Aligning the Eligibility Criteria of Head Start and State Early Care and Education Programs

As Head Start works to collaborate with state early care and education programs through initiatives like Early Head Start-Child Care partnerships, it is becoming increasingly apparent that that differences in the eligibility thresholds between Head Start and state early childhood programs is a significant administrative barrier to coordinating these programs to best meet the needs of children and families. Moreover, a number of states are passing minimum wage laws that bring some families just above a poverty threshold that fails to account for increases in the cost of living in communities across the country.  Given these circumstances, the Biden Administration must explore changes in the eligibility threshold for Head Start. While R9HSA is fully aware of the currently existing measures that increase the eligibility threshold (i.e., ability to enroll a percentage of children up to 130 percent of poverty), the administration must study other options to better align with state eligibility criteria for early education and child care programs. This examination should include modeling the impact of using state median income to determine if this threshold better reflects those that are in significant need in the state and better optimizes federal investments. R9HS believes that eligibility thresholds can be increased while still maintaining a focus on the most vulnerable children and families through the Eligibility, Recruitment, Selection, Enrollment, and Attendance policies implemented at the local level.

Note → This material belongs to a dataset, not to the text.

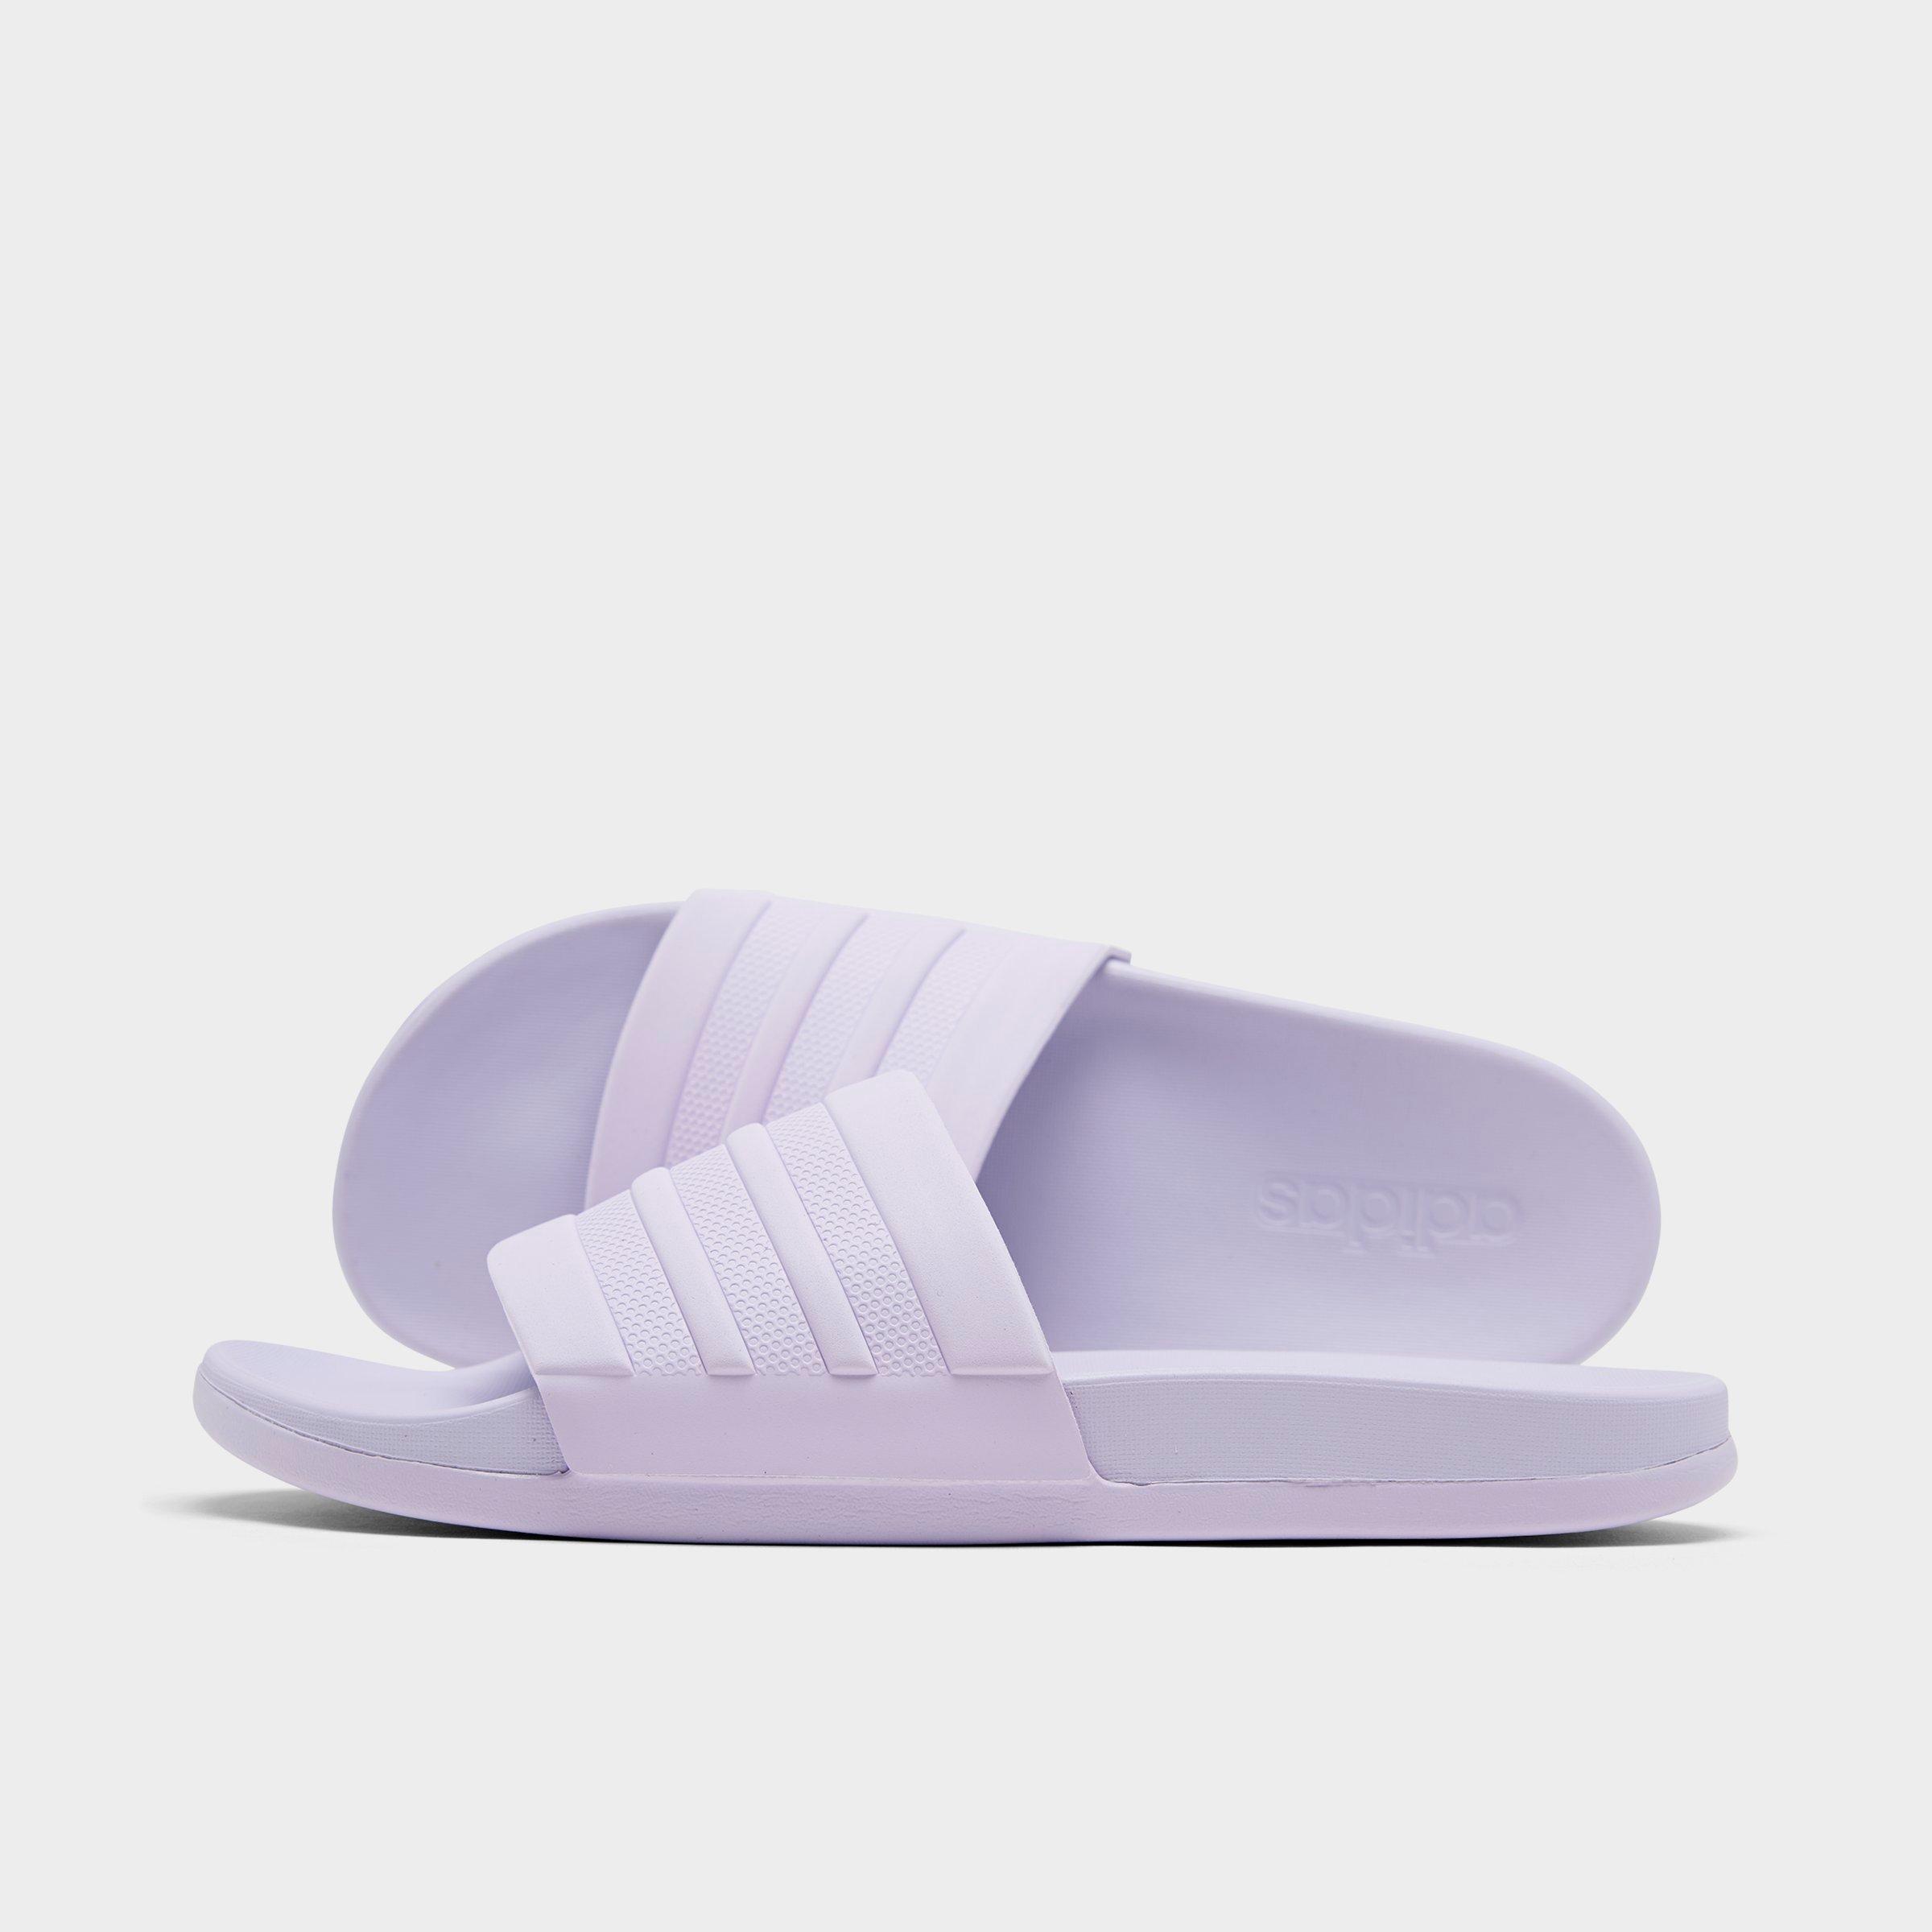 adidas slides lavender

Reforming the Process that Determines which Head Start Programs Must Compete

In 2011, the Office of Head Start began implementing the Designation Renewal System (DRS), an accountability framework designed to distinguish whether or not grantees are delivering high-quality comprehensive services. R9HSA has found the DRS to be an important vehicle for program review, reflection, and improvement. R9HSA stands in support of Head Start’s DRS in a revised form, and looks forward to working with the Administration on a system that focuses more on continuous improvement than the competition of programs. The DRS changes finalized by the Office of Head Start in late August 2020 have taken a giant step in this direction, changing the deficiency condition from one deficiency to two, and revising the CLASS condition to include quality thresholds while increasing the thresholds for competition.

R9HSA looks forward to working with the Biden Administration to continue to move the DRS toward a continuous quality improvement framework. We hope the Administration will implement competition conditions that better reflect the two-generation comprehensive services that Head Start programs provide by exploring conditions related to family engagement and the provision of health services.

R9HSA appreciates the opportunity to provide suggestions to the Biden Administration and is looking forward to our work together.

 

[1] Capizzano, J. and Dahlin, M. Addressing the Infant and Toddler Care Crisis: How States Are Using the Preschool Development Grant Birth Through Five Renewal Funding to Support Children Younger than Three. BUILD Initiative Brief: 2020.08.30 NCIT Infant Toddler Crisis Brief.pdf (buildinitiative.org).

[2] National Survey of Early Care and Education Project Team. (2013). Number and Characteristics of Early Care and Education (ECE) Teachers and Caregivers: Initial Findings from the National Survey of Early Care and Education (NSECE). OPRE Report #2013-38, Washington DC: Office of Planning, Research and Evaluation, Administration for Children and Families, U.S. Department of Health and Human Services.